(Odds) Flush vs. Overflush

This is my true story not very long ago.

My hole cards were Kd 4d in SB. By turn, there were three diamonds on board. Happy with my K-high flush, I raised 1/2 pot and some other guy reraised all in all of a sudden. I called to see his Ad Qd... DOH! (Good it is not real money.)

Case K-High: King-high flush runs into Ace-high flush

There are at least 3 suited cards on the board. Maybe 4, maybe 5.
We have to list them all.

- 3 suited cards on board (no Ace):
You hold 2. There are 7 non-Ace cards left.
Therefore, there are 7 kinds of A-high flush out there.
Total possibility of hole cards = 1225

In a field of 9 opponent, none of them has A-high flush: (1-7/1225)^9 = 0.9497
Therefore, chance of bumping into A-high flush = 1-0.9497 = 0.0503 (1 in 20)

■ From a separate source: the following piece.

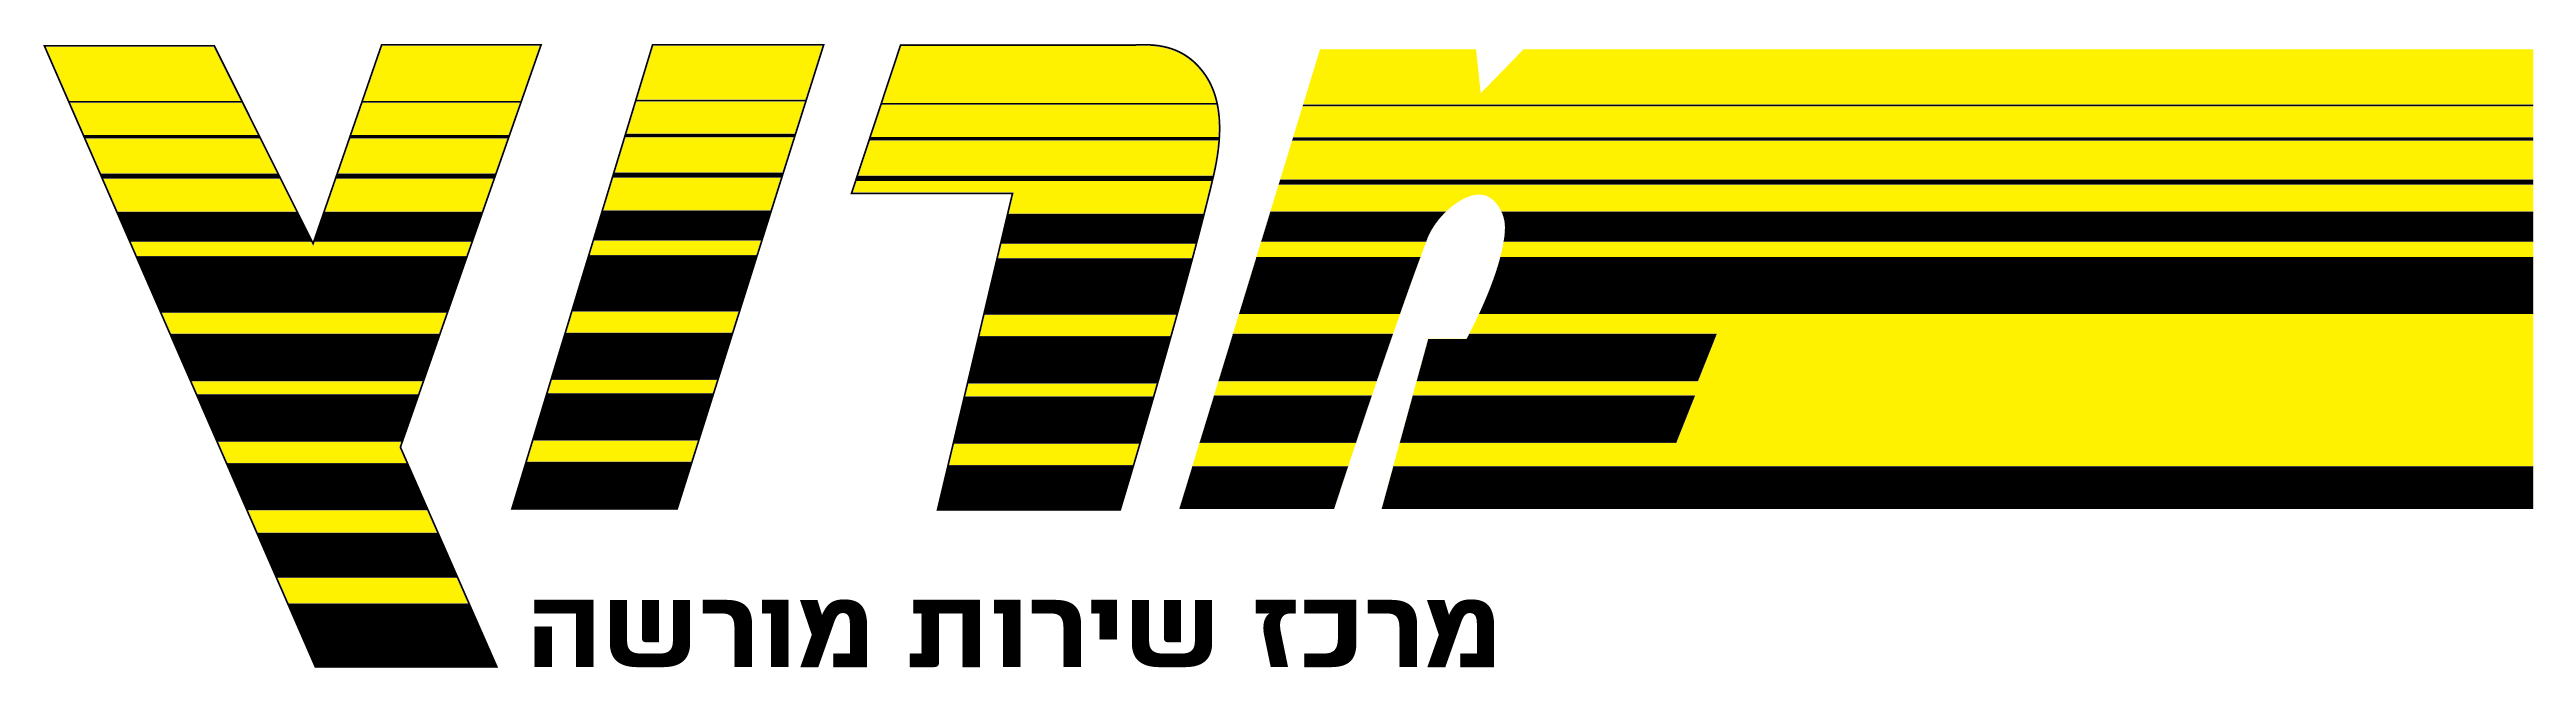 מרוץ מרכז שרות מורשה לוגו

To summarize: (3/4/5 flush cards on board)
9 opponents: 1 in 20/23/28
7 opponents: 1 in 25/30/35 <-- This is what happened to me!
5 opponents: 1 in 35/41/49
3 opponents: 1 in 59/68/82
1 opponent: 1 in 175/204/245

Case Q-High: Queen-high flush runs into King-high flush or above

- 3 suited cards on board (no Ace or King, if there is any then go back to above example)
You hold 2. There are 7 A-high flush, 6 K-high flush:

1-((1-13/1225)^9 = 0.0916 (1 in 11)

To summarize: (3/4/5 flush cards on board)
9 opponents: 1 in 11/13/16
7 opponents: 1 in 14/16/20
5 opponents: 1 in 19/23/28
3 opponents: 1 in 32/37/46
1 opponent: 1 in 94/111/136

Case J-High: Jack-high flush runs into Queen-high flush or above

- 3 suited cards on board (no Ace, King or Queen. If there is any go back to above example)
You hold 2. There are 7 A-high flush, 6 K-high flush, 5 Q-high flush:

1-((1-18/1225)^9 = 0.124 (1 in 8.0)

To summarize: (3/4/5 flush cards on board)
9 opponents: 1 in 8.0/9.5/12
7 opponents: 1 in 10/12/15
5 opponents: 1 in 14/17/21
3 opponents: 1 in 23/28/34
1 opponent: 1 in 68/82/102

Case T-high: Ten-high flush runs into Jack-high flush or above

Note: Still, if there is one of A,K,Q or J on board, go back to the previous case. If there are two, go back two levels, etc.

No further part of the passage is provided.